▼

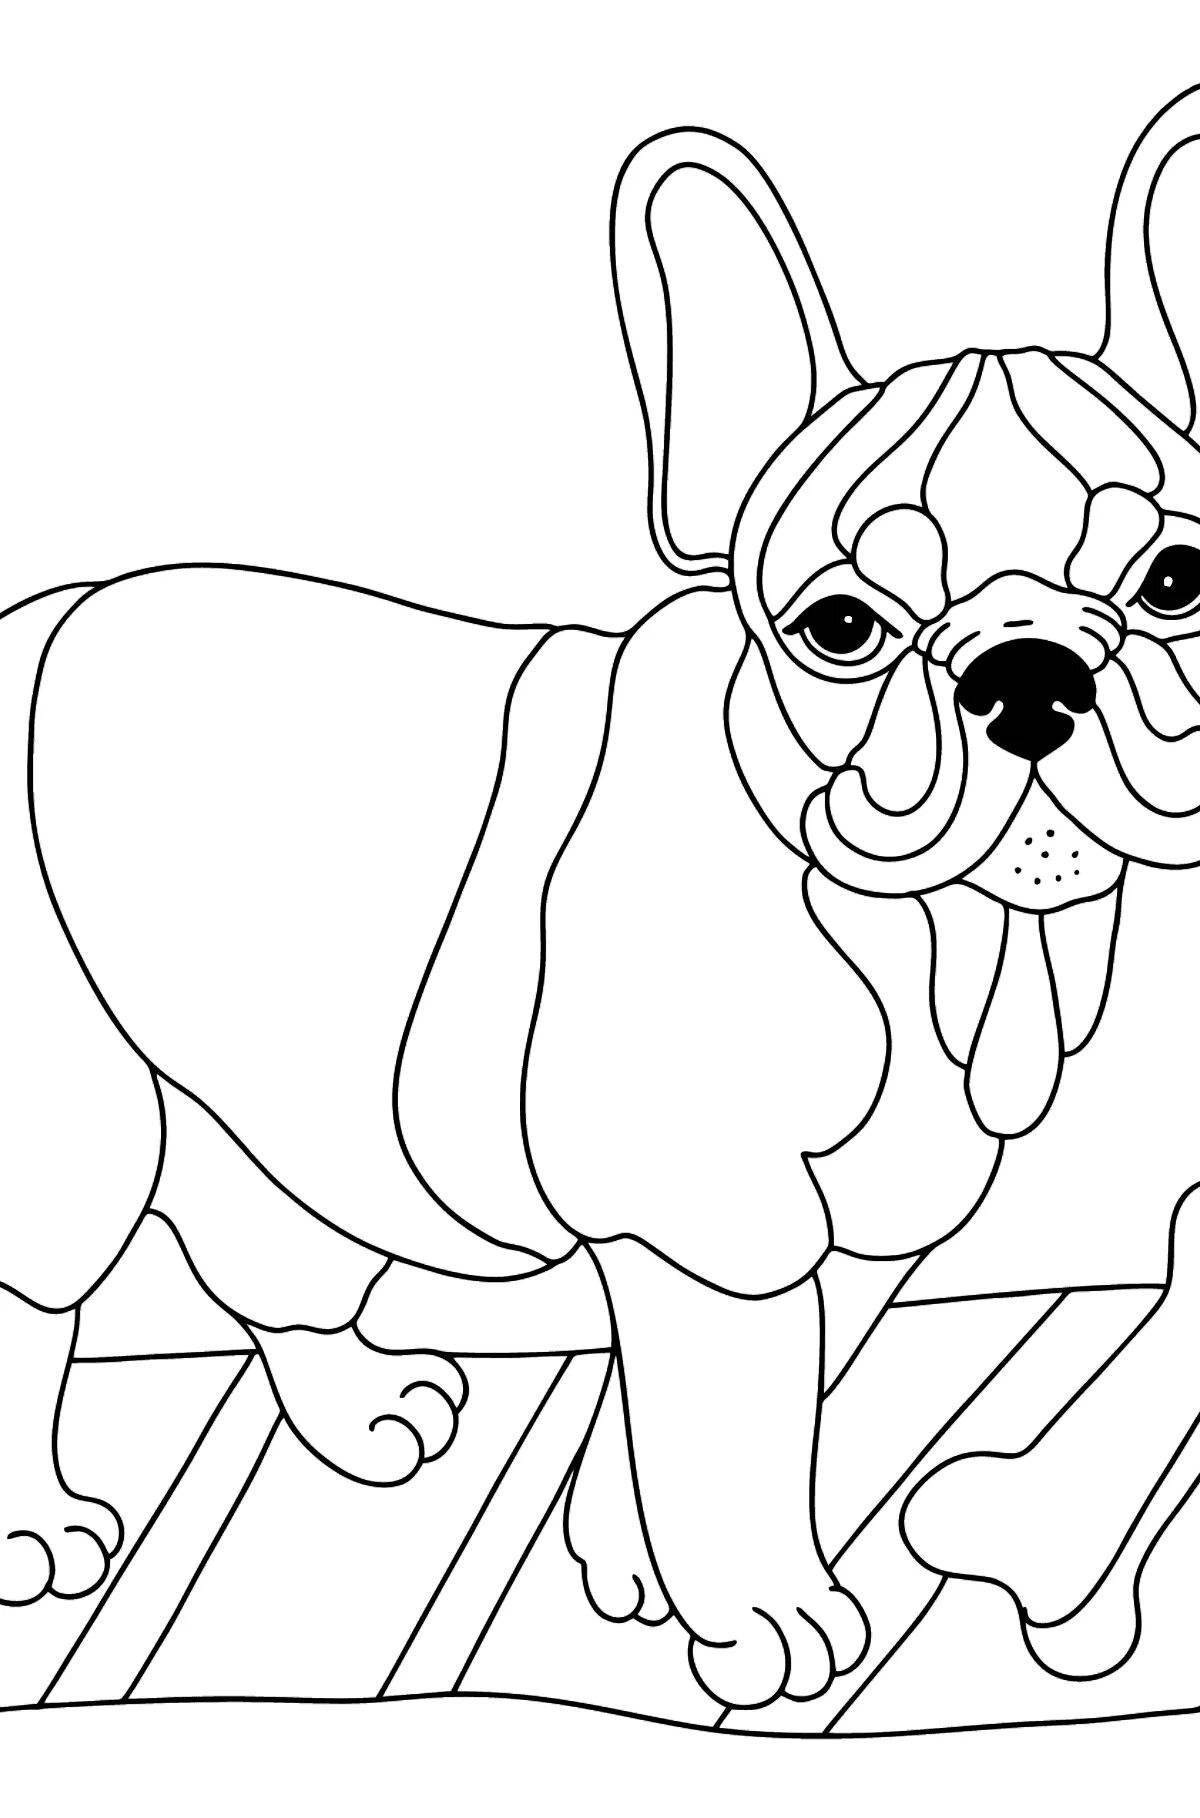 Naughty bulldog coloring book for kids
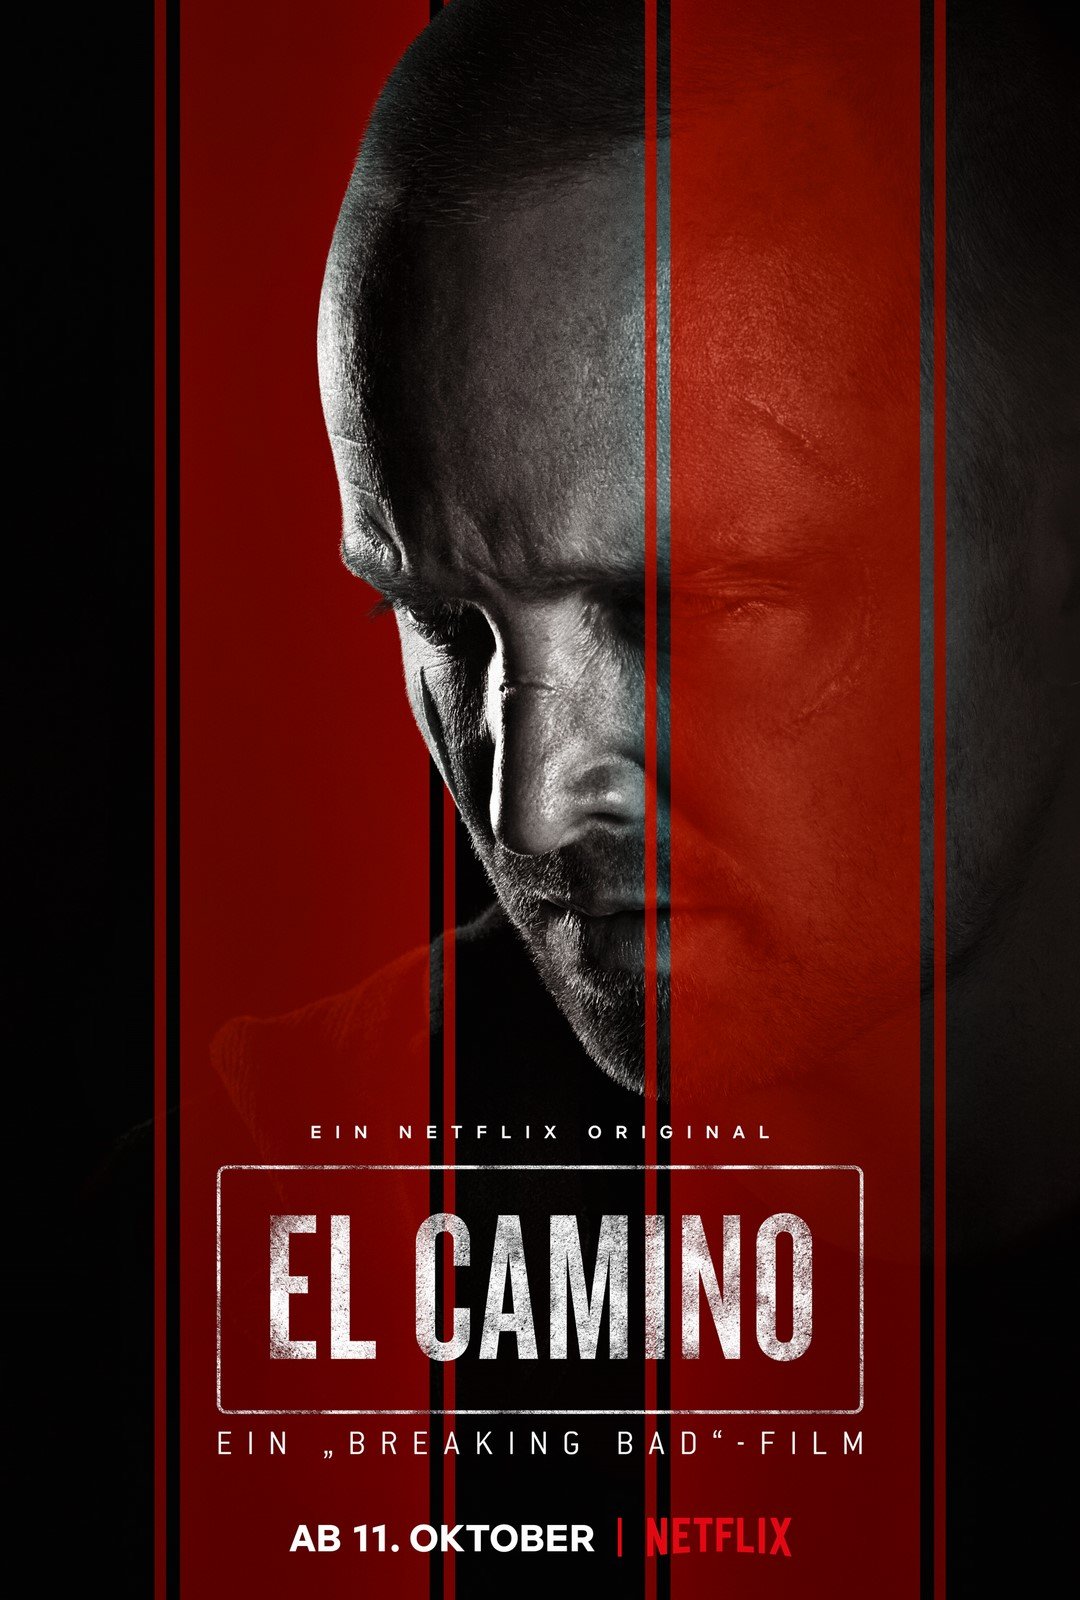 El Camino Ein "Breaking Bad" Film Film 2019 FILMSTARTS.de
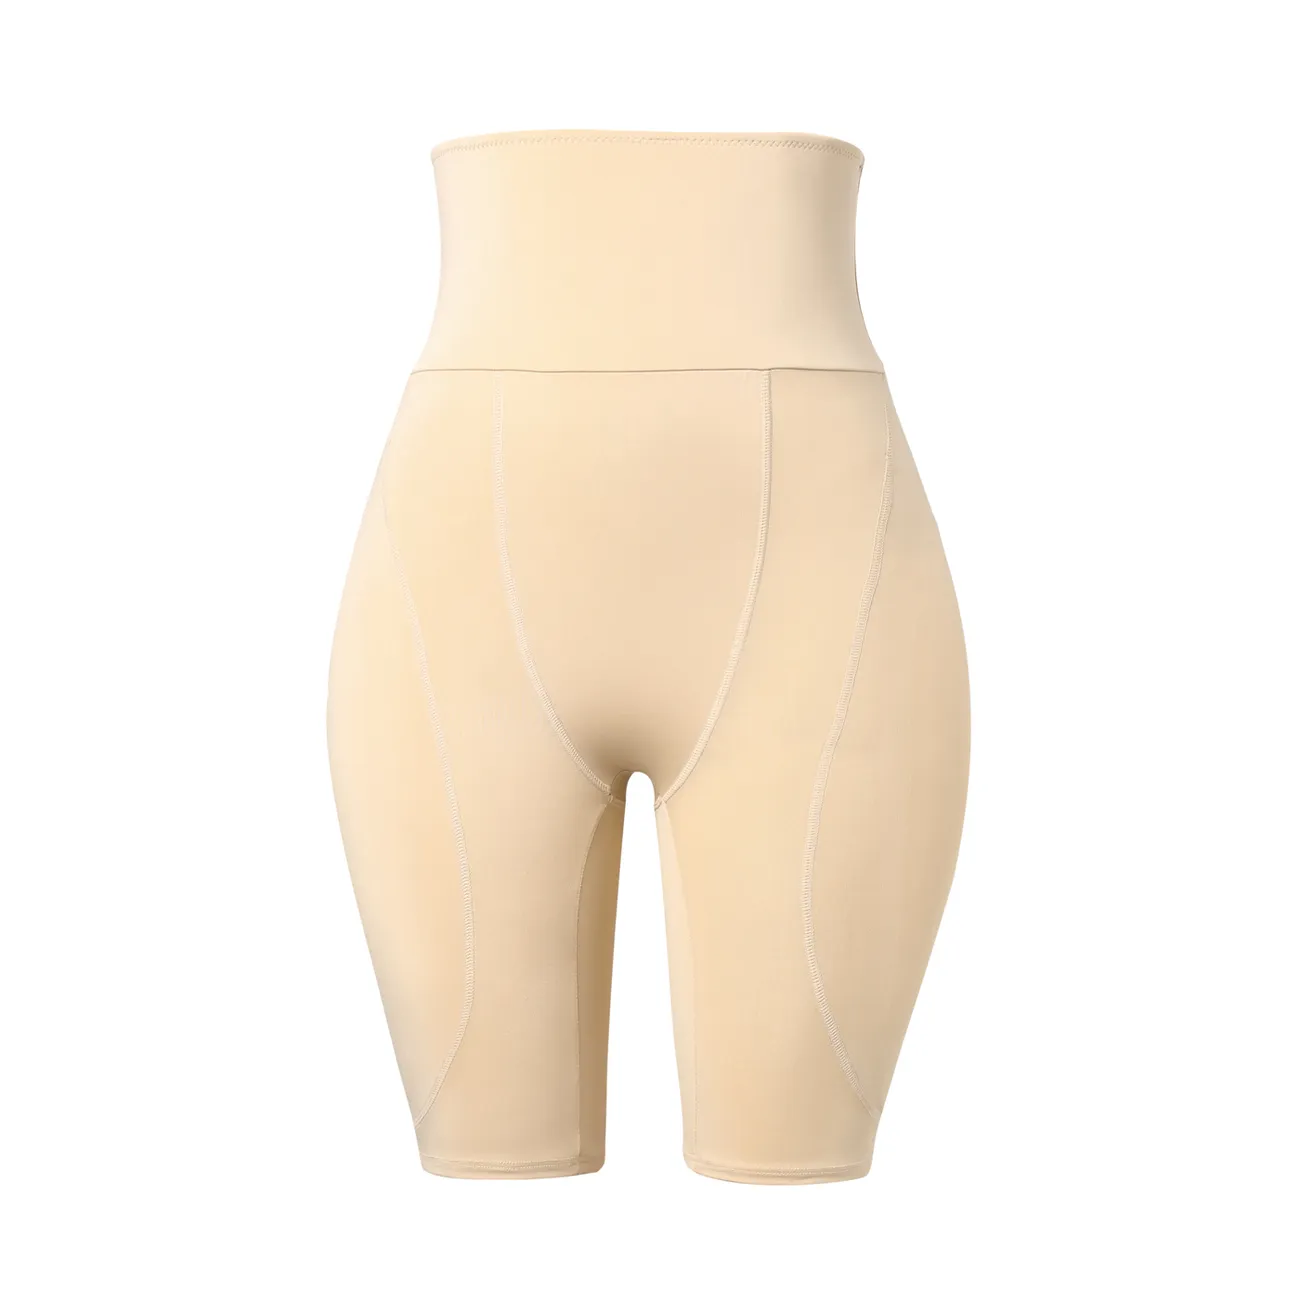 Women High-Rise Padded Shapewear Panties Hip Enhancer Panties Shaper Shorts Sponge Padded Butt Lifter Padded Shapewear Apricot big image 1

▲

• What to work on: Find the line that contains "El Camino Ein". Copy it and every line after it through the end of the listing exactly, but not the pictures.

• Result of the exercise:
 El Camino Ein "Breaking Bad" Film Film 2019 FILMSTARTS.de
 Women High-Rise Padded Shapewear Panties Hip Enhancer Panties Shaper Shorts Sponge Padded Butt Lifter Padded Shapewear Apricot big image 1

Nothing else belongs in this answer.